= Root fracture =

Root fracture of the tooth is a dentine cementum fracture involving the pulp.

Traumatic root fracture occurs most often in the middle third of the roots of fully erupted and fully formed teeth. However, root treated teeth are more susceptible to root fracture, as this involves removing root dentine, thereby weakening the tooth.

Objectives of the treatment is to reposition the coronal fragments to allow revascularisation of the tooth, therefore maintaining aesthetics and functional integrity.

== Vertical root fracture ==
Vertical Root Fractures are longitudinally orientated fractures of the root. They extend from the root canal to the periodontium. They are usually seen in root filled teeth, however they can also be seen in non-restored teeth.

The fractures can involve the whole length of the root or only a section of it. When un-recognised they lead to frustration and inappropriate endodontic therapy. The time between a root filling and a fracture is around 39 months, but they can occur during the treatment.

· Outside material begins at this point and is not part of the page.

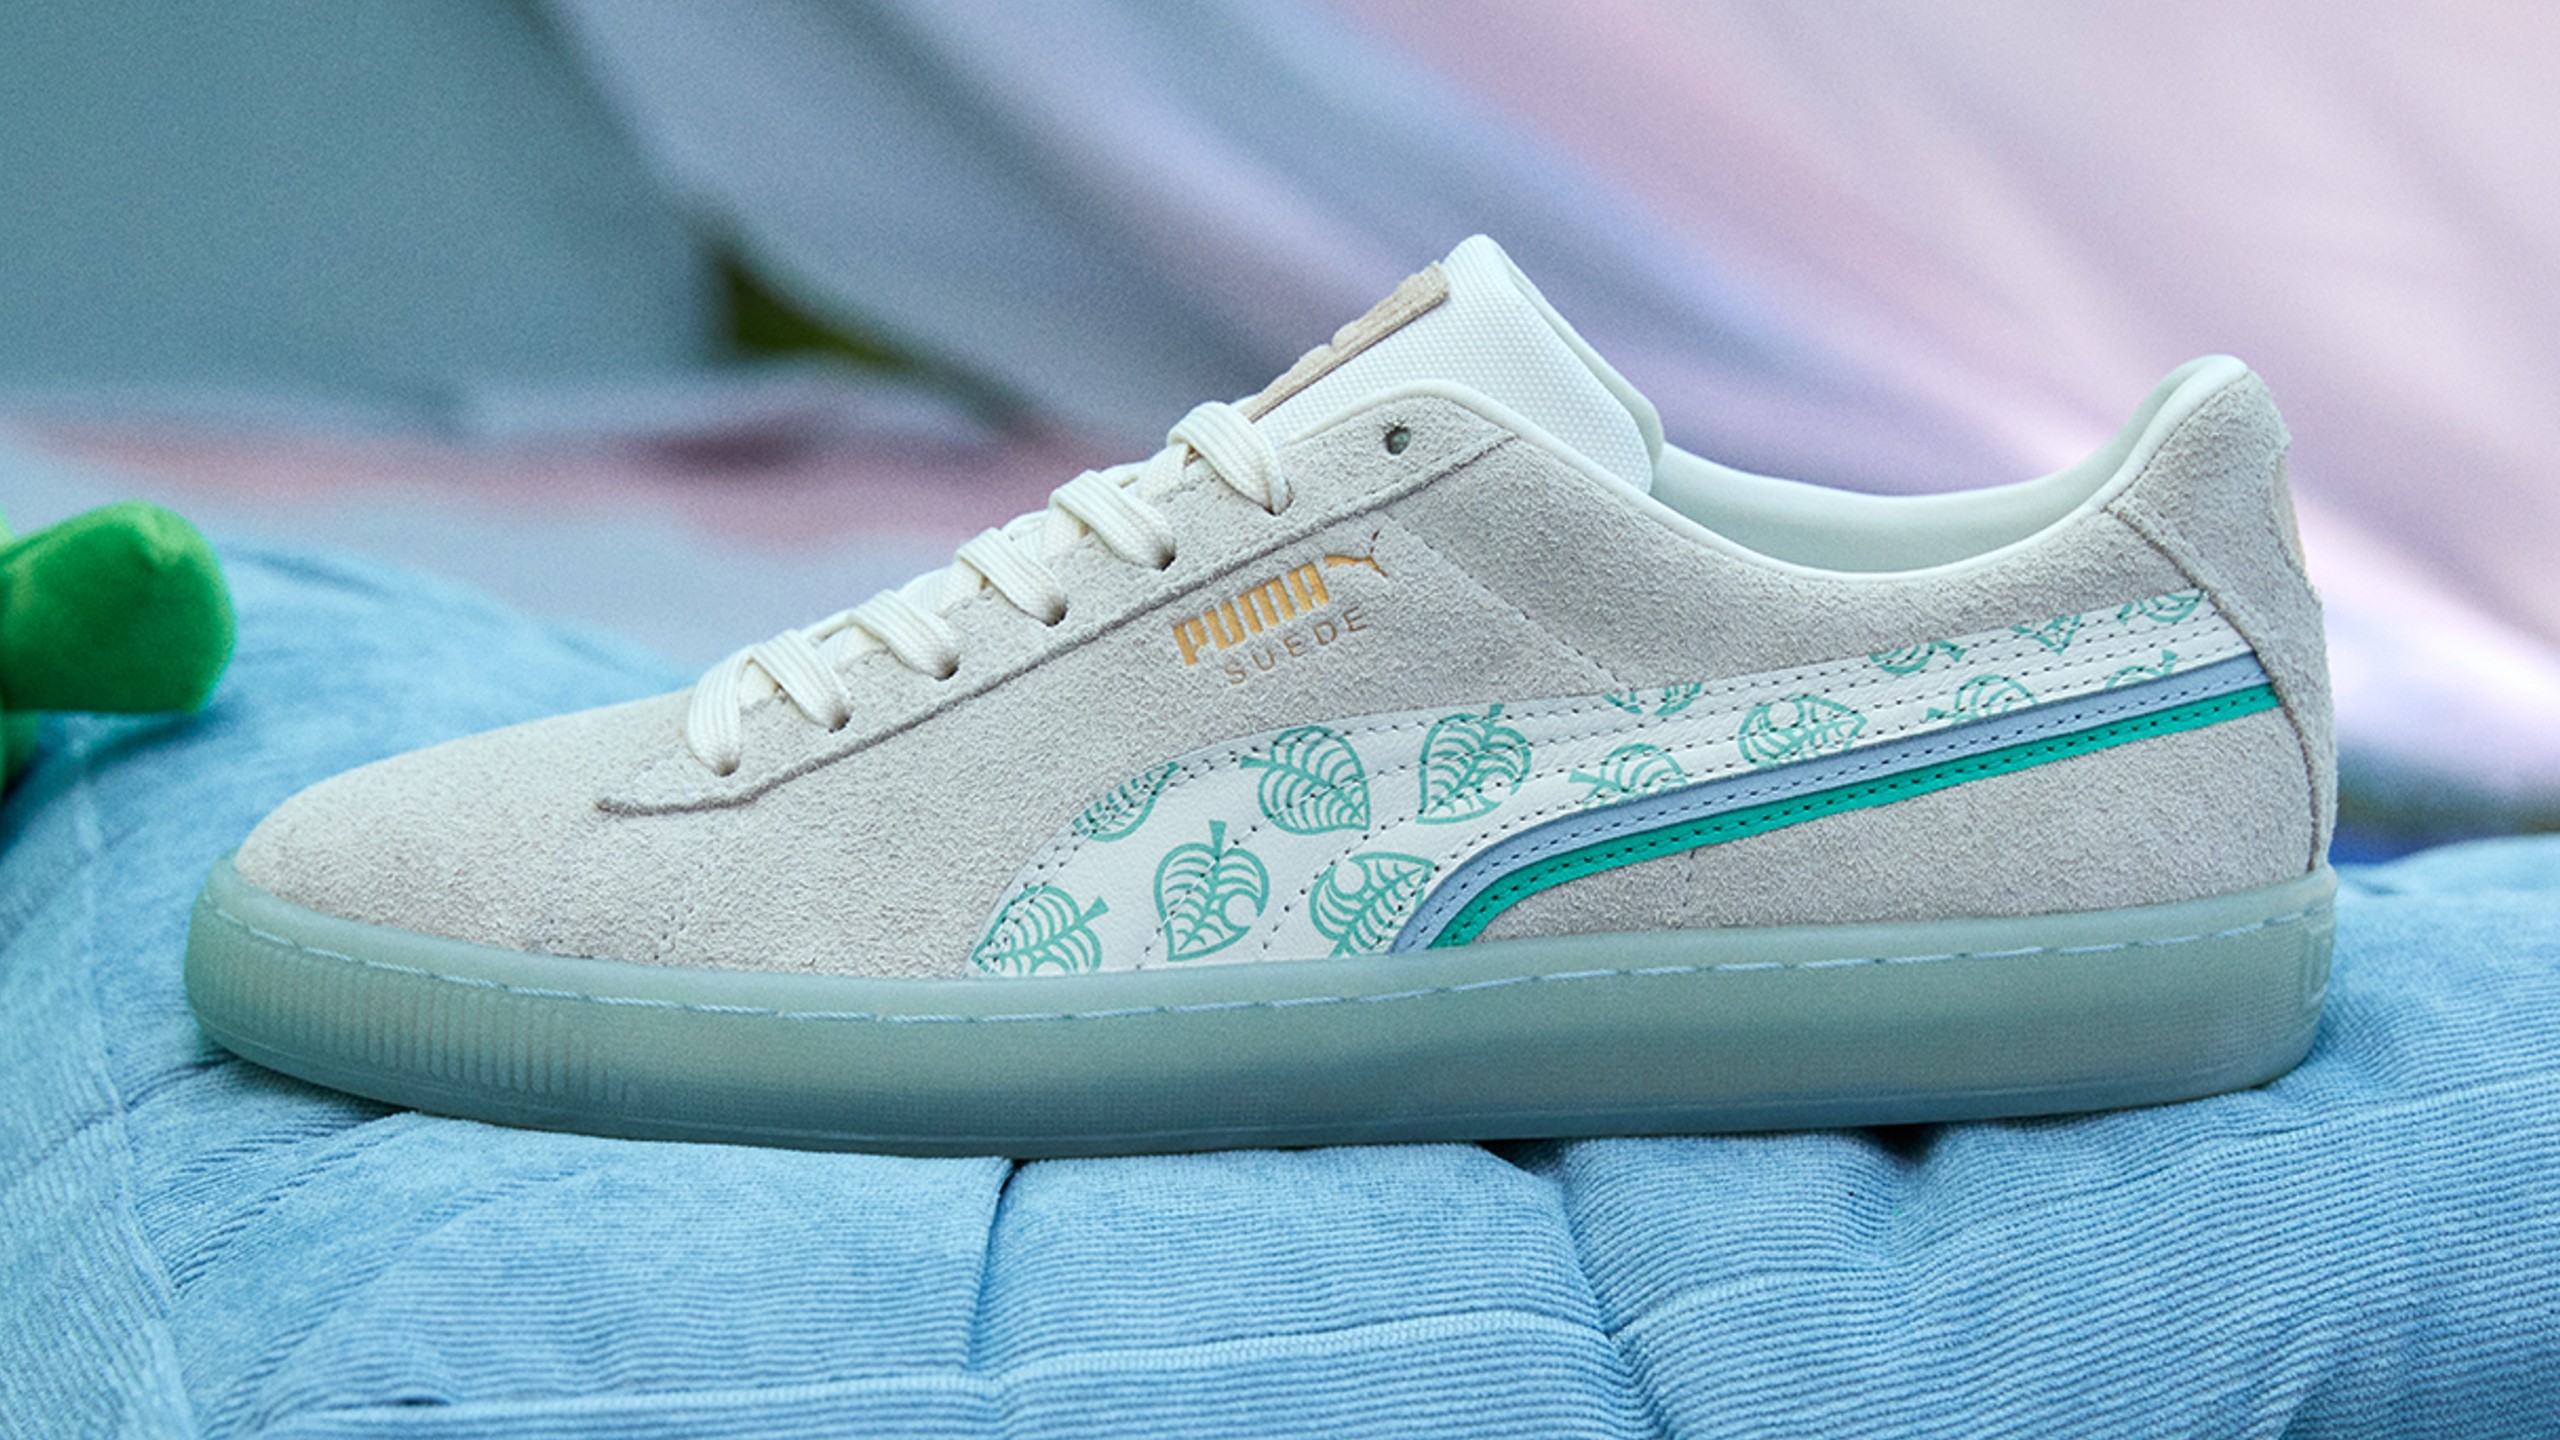 Puma Reveals Release Date for Their Animal Crossing Collaboration

Diagnosis is tricky as there as signs and symptoms are frequently delayed and no single clinical feature indicates a root fracture is present.

=== Signs and symptoms ===
They often present with discomfort/soreness which may be associated with an infection. Pain is usually mild to moderate in its intensity. Patients may also report a pain on biting.

Another characteristic feature is the repetitive and frequent dislodgement of an apparently well-fitting post.

=== Predisposing factors ===

- Root Canal Anatomy: Roots narrower in mesio-distal dimension are more susceptible to fracture.
- Dentin Characteristics: Dentine of pulpless teeth is stiffer and more susceptible to fracture
- Corrosion: Corrosion of pins and posts can contribute
- Use of a spreader: The wedging effect of the spreader during lateral condensation can lead to it.

=== Treatment ===
A clinician should remember that whilst a root fracture remains, bone around the tooth is continuing to be lost, compromising the success of any future potential implants.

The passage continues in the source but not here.